**Given data:**
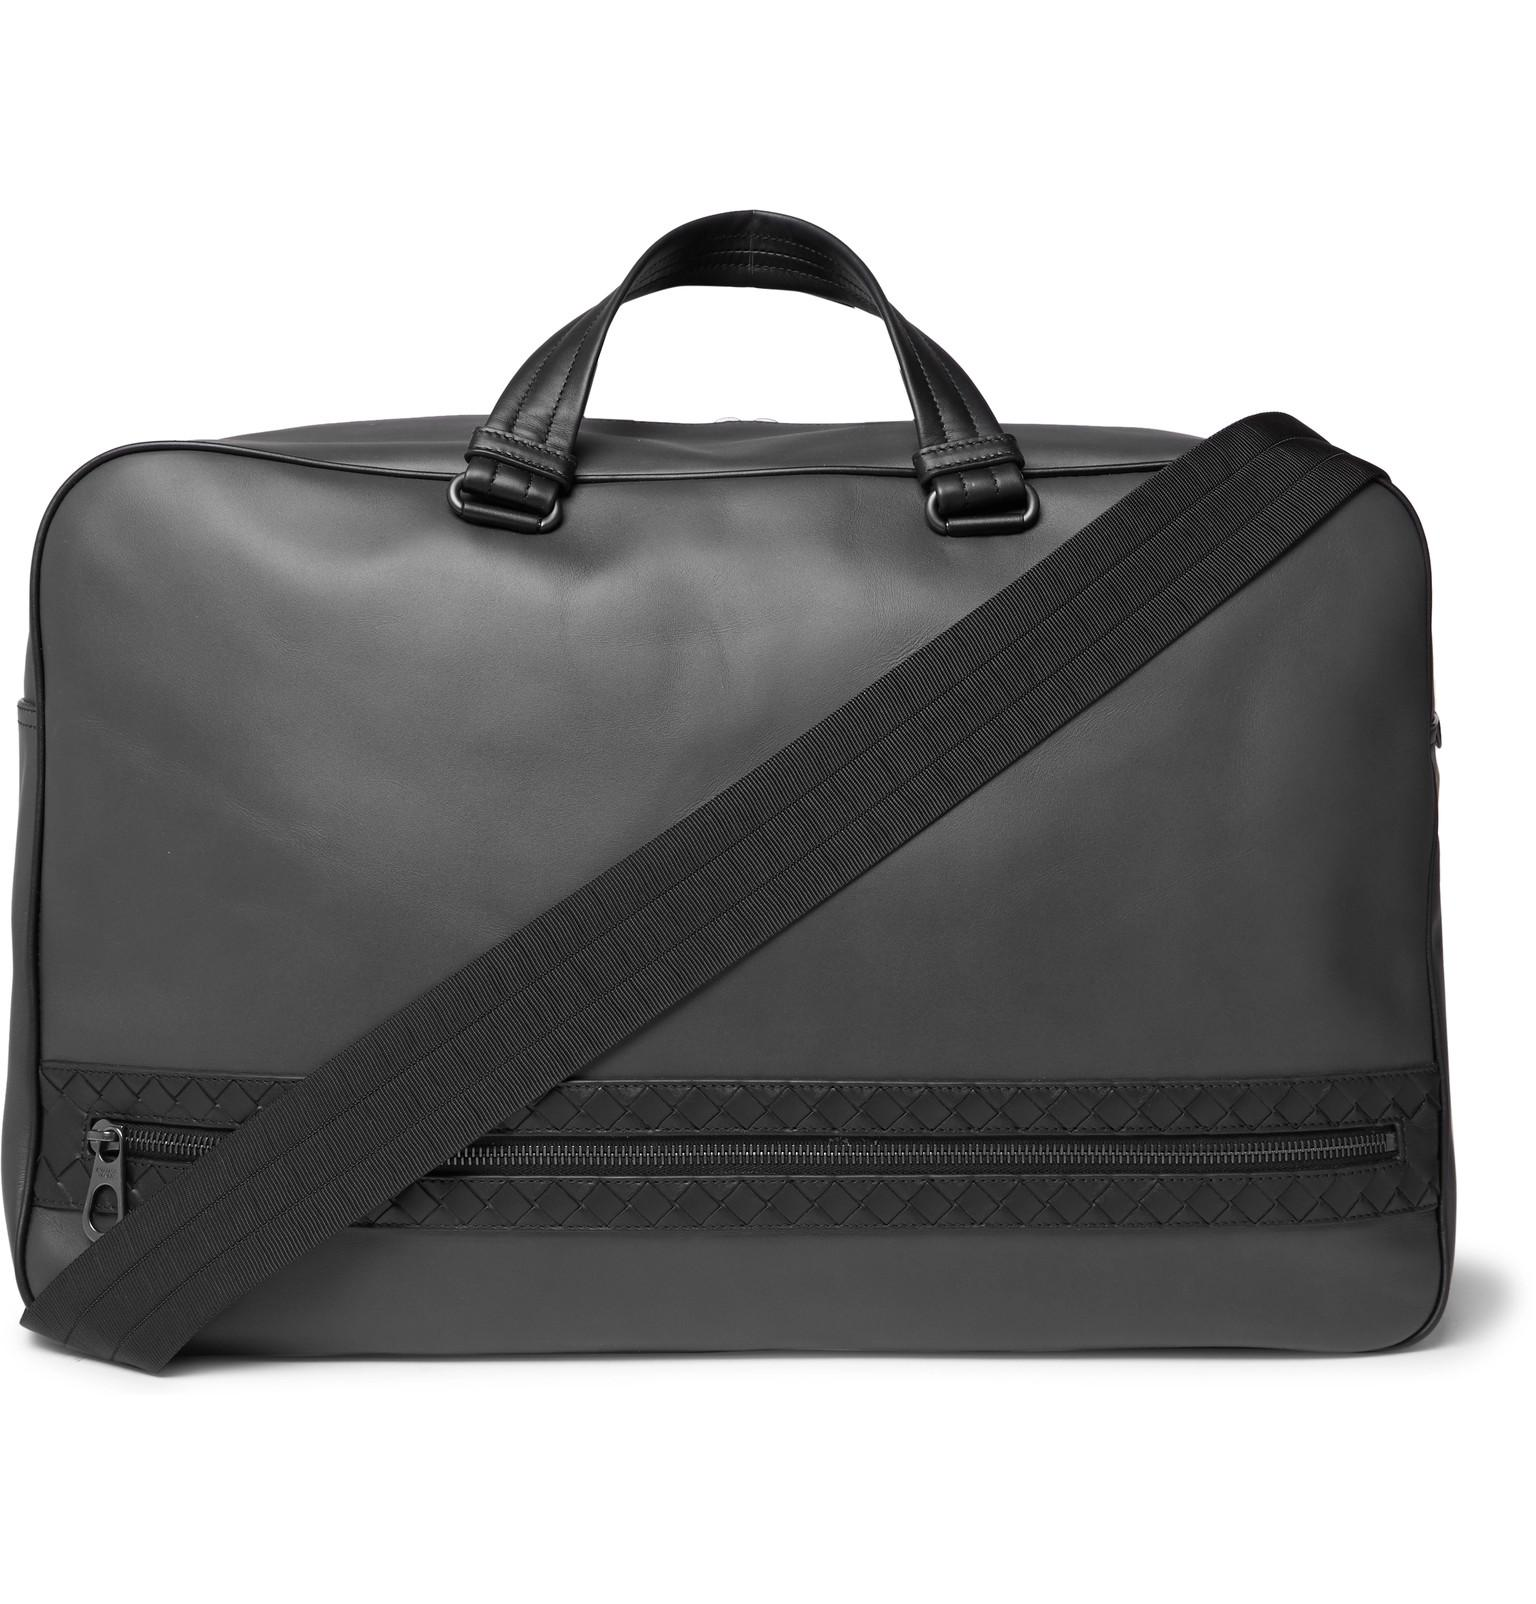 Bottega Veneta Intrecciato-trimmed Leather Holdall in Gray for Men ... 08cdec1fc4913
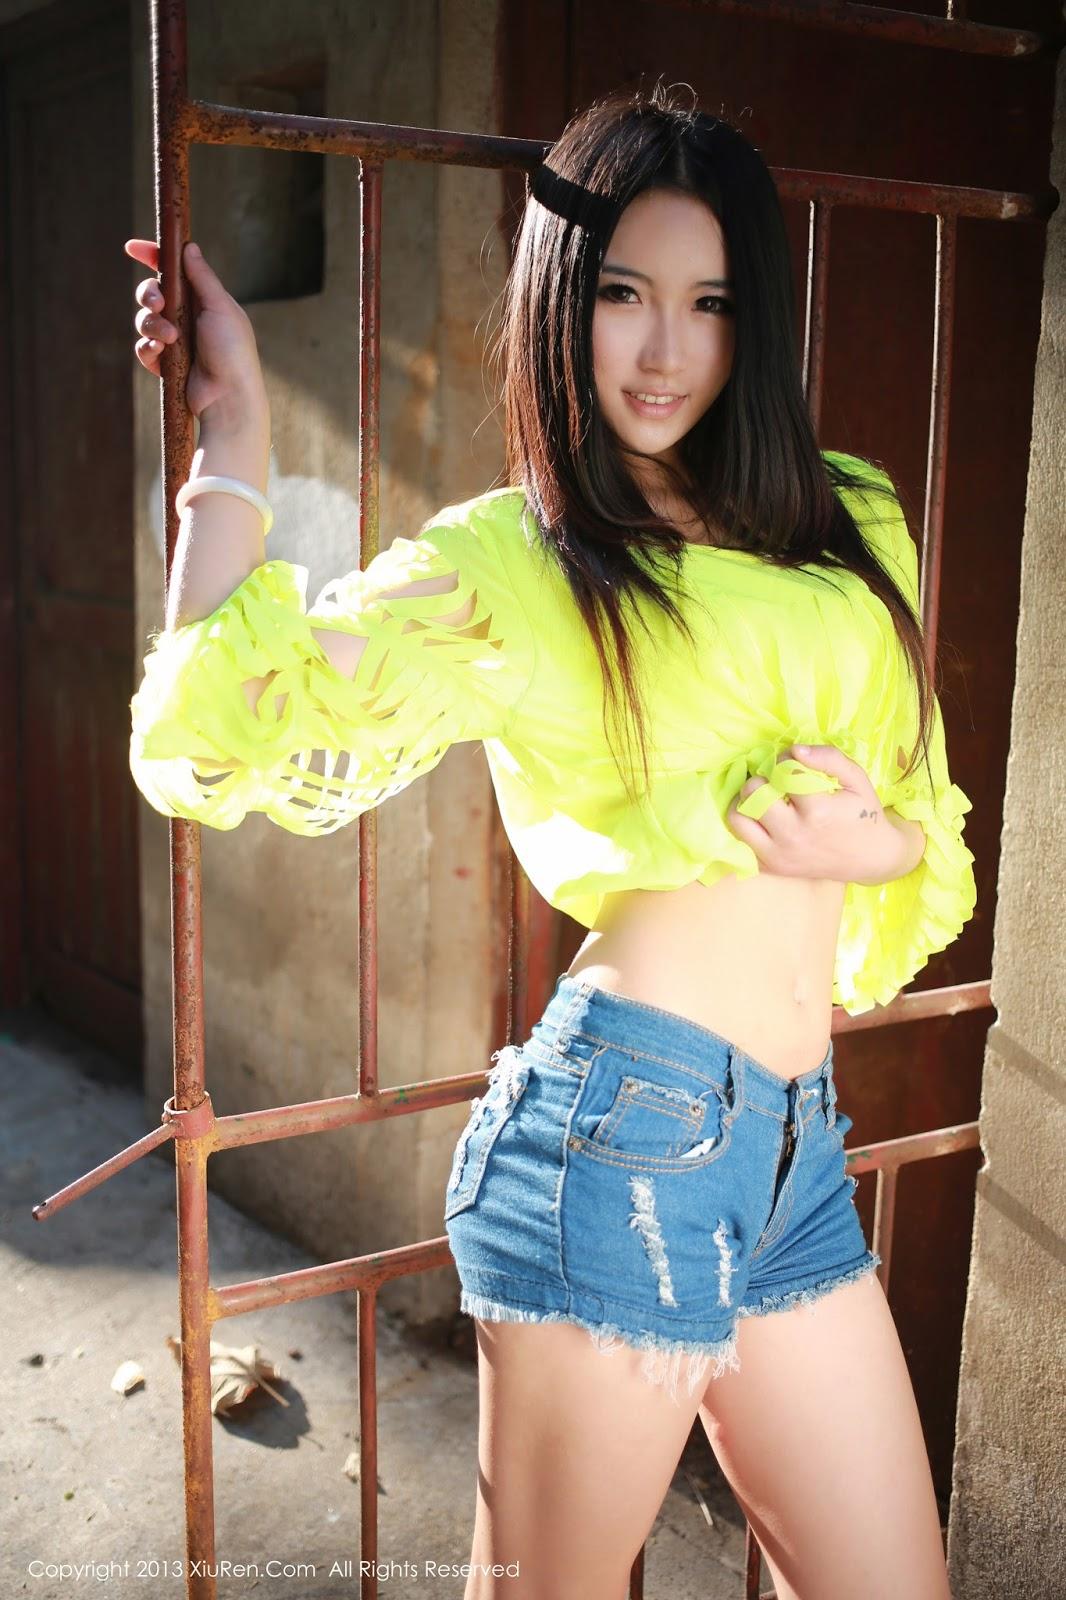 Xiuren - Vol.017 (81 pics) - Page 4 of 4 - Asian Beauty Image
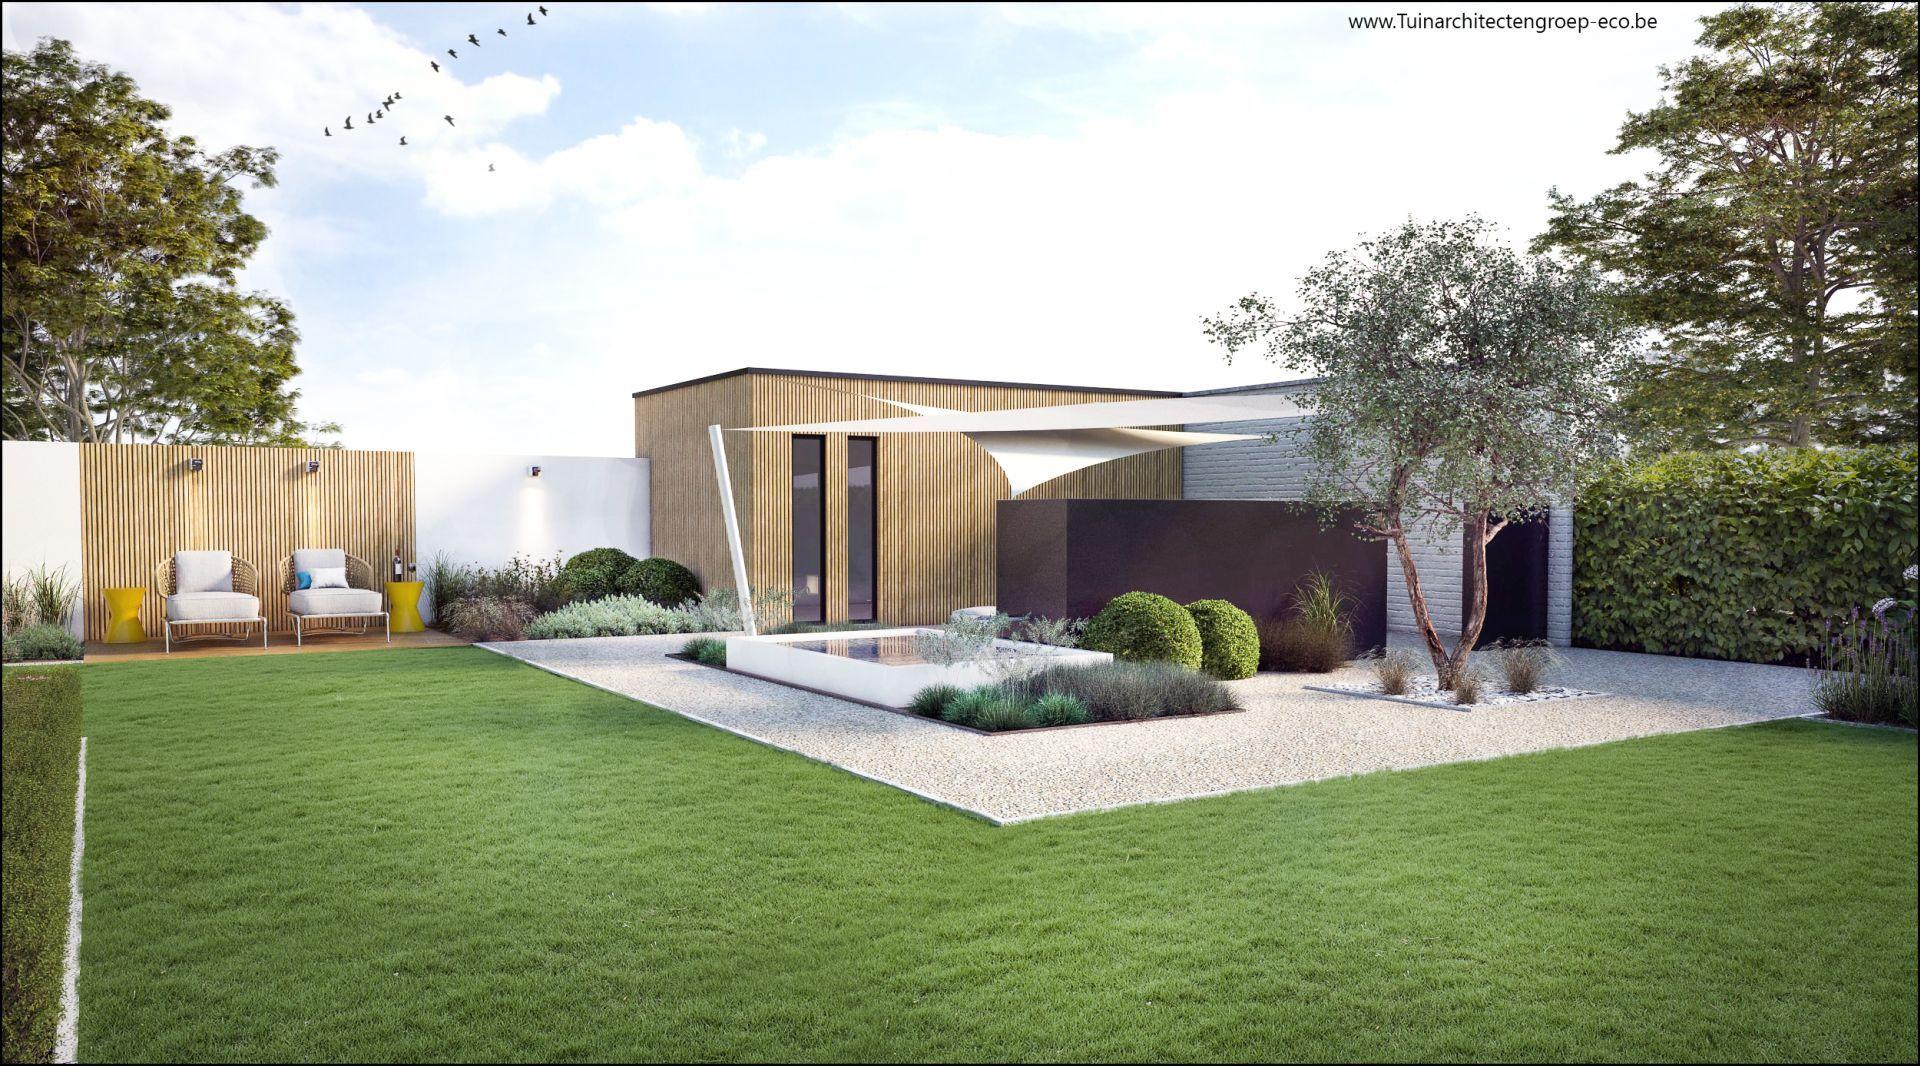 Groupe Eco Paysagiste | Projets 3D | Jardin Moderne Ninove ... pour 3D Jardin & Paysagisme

**Brief:**
Transcribe the data exactly, minus any images.

**Solution to this exercise:**
 Bottega Veneta Intrecciato-trimmed Leather Holdall in Gray for Men ... 08cdec1fc4913
 Xiuren - Vol.017 (81 pics) - Page 4 of 4 - Asian Beauty Image
 Groupe Eco Paysagiste | Projets 3D | Jardin Moderne Ninove ... pour 3D Jardin & Paysagisme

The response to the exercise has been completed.